Drafts of Transaction-Related Documents: Another proposal that raised significant concern was the proposal that filers provide drafts of transaction-related documents. This, fortunately, has not been included in the Final Rules. Of course, the FTC and Department of Justice staff can request these documents voluntarily during an initial waiting period and such documents will be responsive to a Second Request.

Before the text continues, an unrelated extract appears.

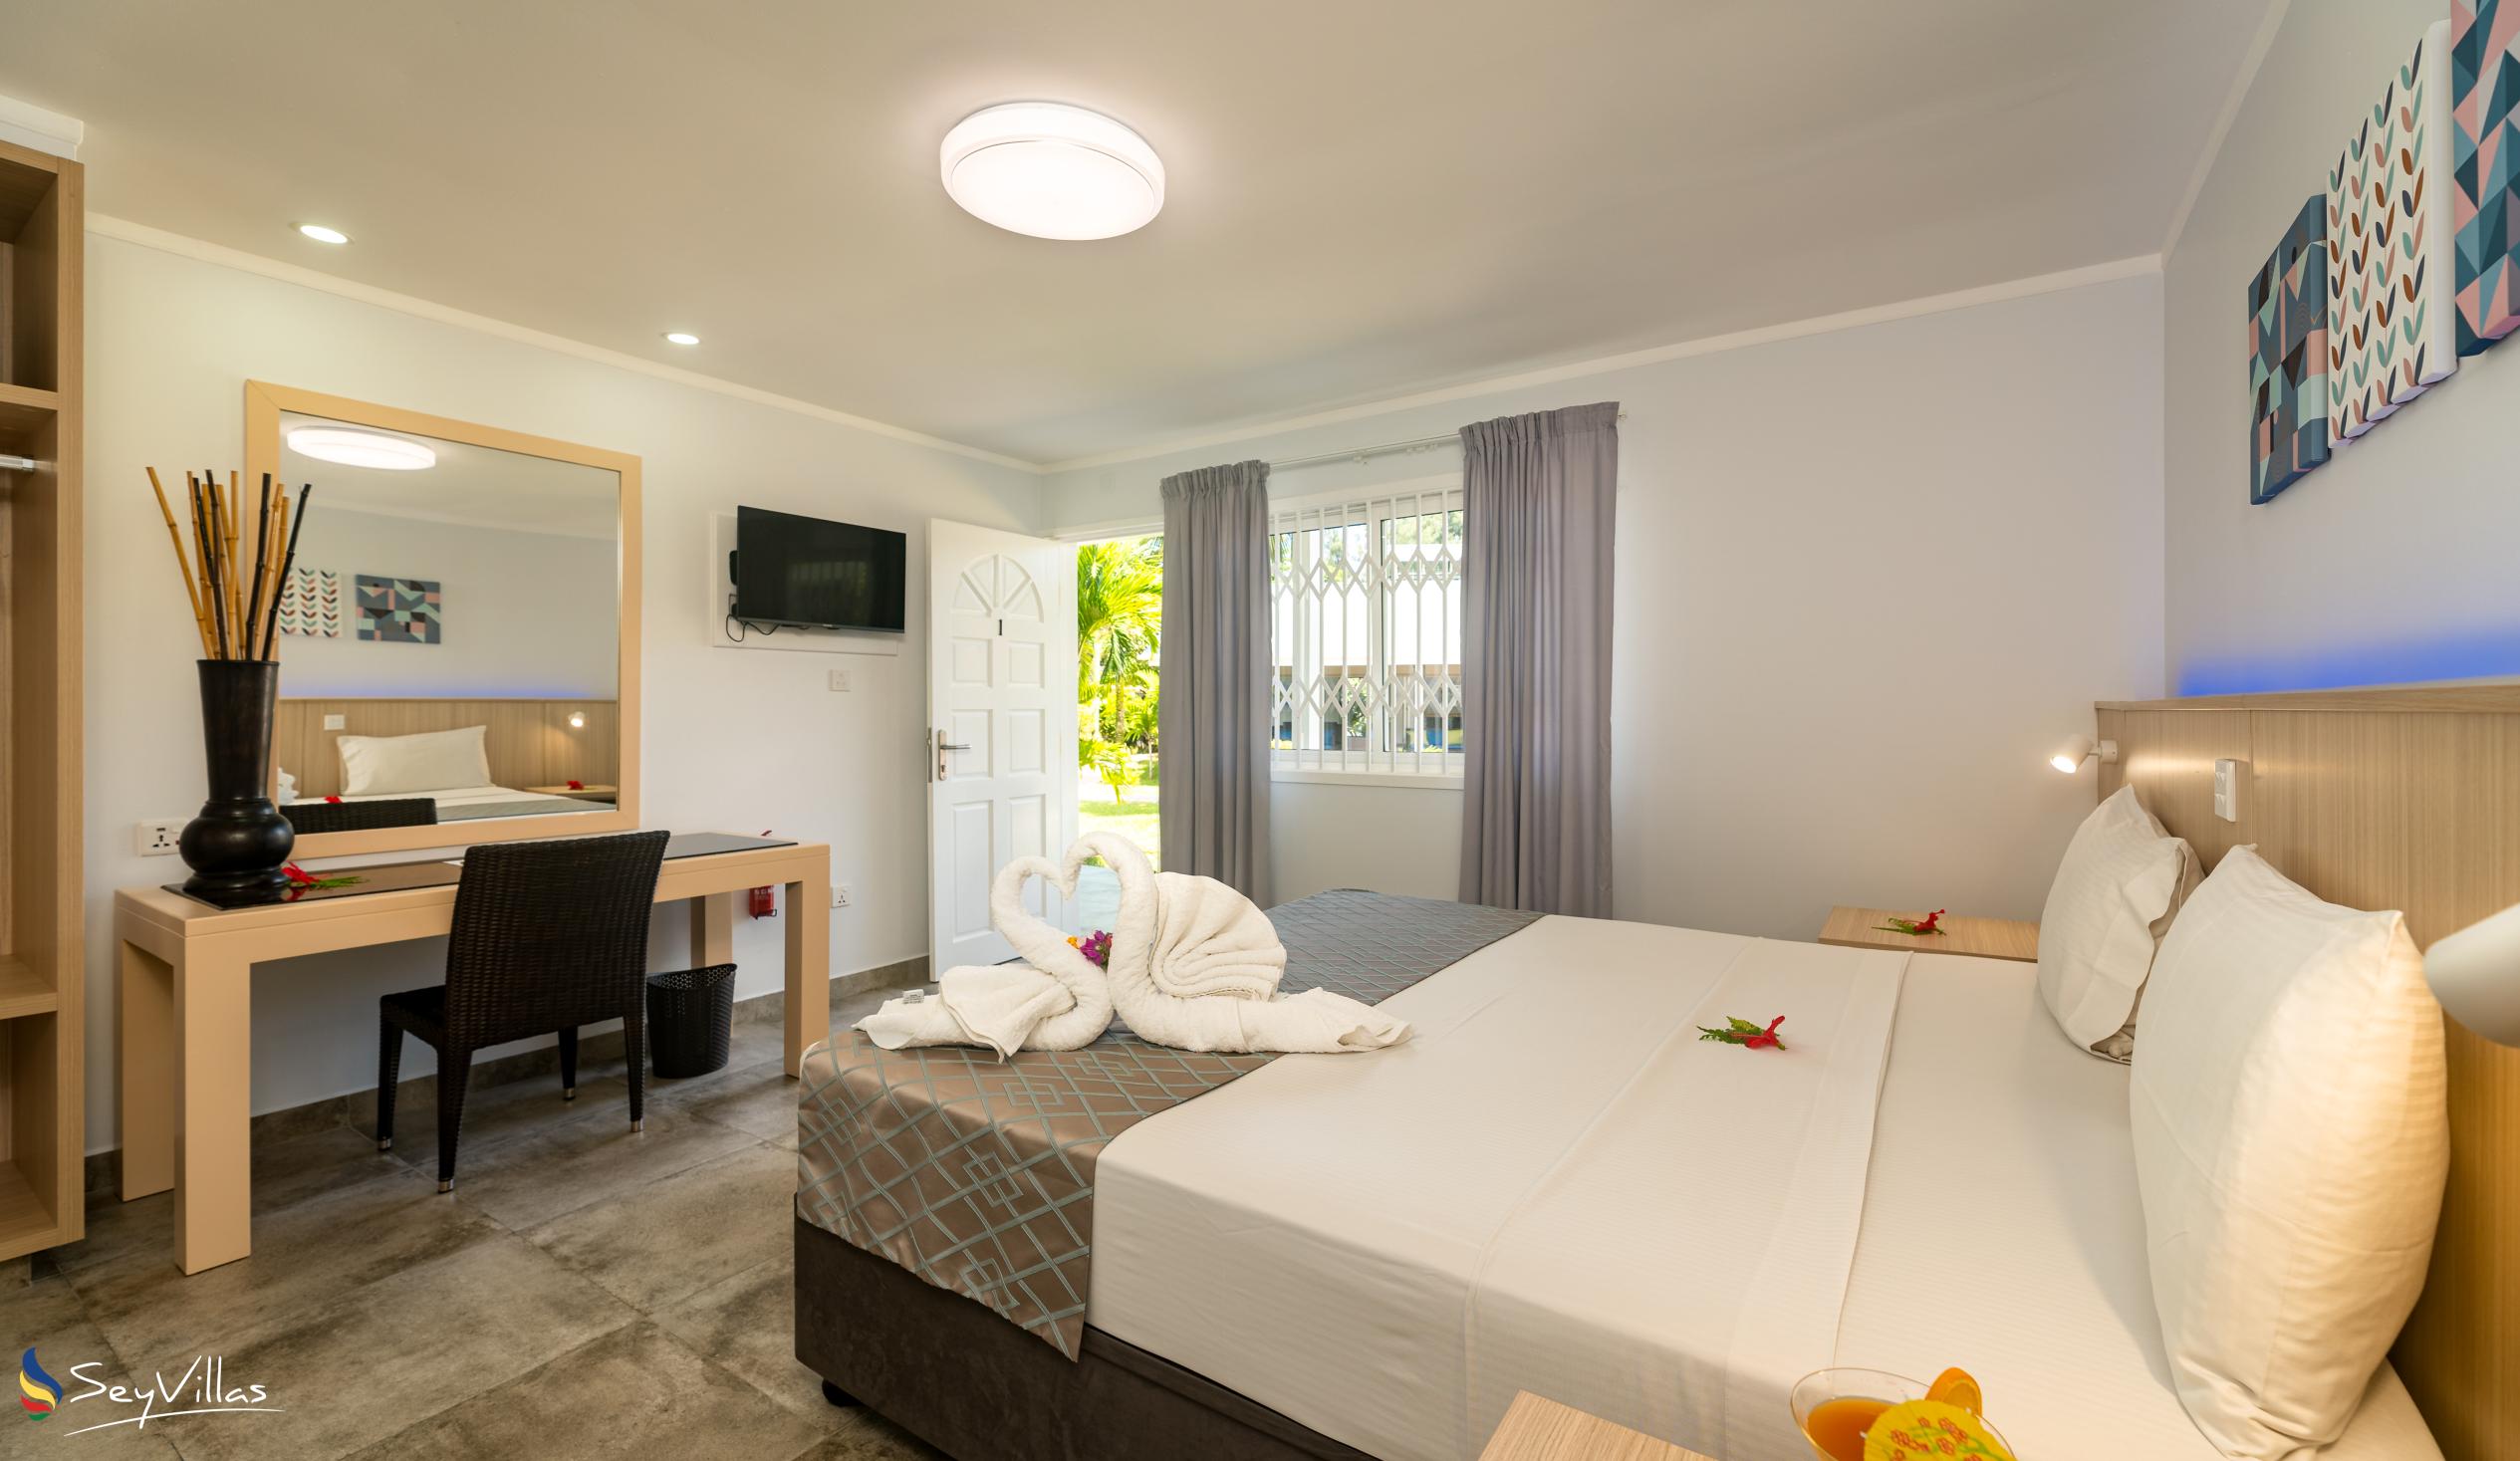 Photo 69: Hotel La Roussette - Superior Room - Mahé (Seychelles)

Miscellaneous: Other proposals that were rejected include a discussion of the deal, timeline, certain interest holders who insert influence, organizational charts of authors and recipients of submitted documents, and additional documents related to financial projections concerning synergies and efficiencies, among others.
Takeaways
The Final Rules reflect considerable compromise. The drafts cut back on information relating to issues the Democratic Commissioners have focused on, most notably labor issues. In her statement,2 Commissioner Holyoak takes pains to note her skepticism about some of the Commission's focus. She noted that requesting labor information was "a solution in search of a nonexistent problem," pointing to the lack of any standalone labor challenge to a transaction. She also noted that requiring certain information (e.g., on non-reportable transactions) should not be viewed as a license to analyze all non-reportable transactions or other allegedly problematic conduct divorced from the filed-for transaction. Of course, nothing prevents the Commission from using information in these filings to launch new investigations into past transactions or conduct as they have done for decades.
However, despite the exclusion of some of the more burdensome information that would have been difficult to pull together for every deal, companies should begin thinking ahead about how to pull together the information they will need for filings. It will be important, for instance, for companies to determine, at the outset of a transaction, the one individual who will serve as the supervisory deal lead so that individual's documents can be identified and collected when the time comes. It will also be important to understand in advance the universe of relationships between the merging parties so that a description of any overlaps, identification of agreements between them, and the like can be quickly gathered. Finally, deal agreements often require HSR filings to be made within 10 days; that period of time may be aggressive when parties are first starting to put together forms under the Final Rules.
Footnotes
1 Concurring Statement of Commissioner Andrew N. Ferguson In the Matter of Amendments to the Premerger Notification and Report Form and Instructions, and the Hart-Scott-Rodino Rule 16 C.F.R. Parts 801 and 803, (October 10, 2024); Statement of Commissioner Melissa Holyoak Regarding Final Premerger Notification Form and the Hart-Scott-Rodino Rules (October 10, 2024).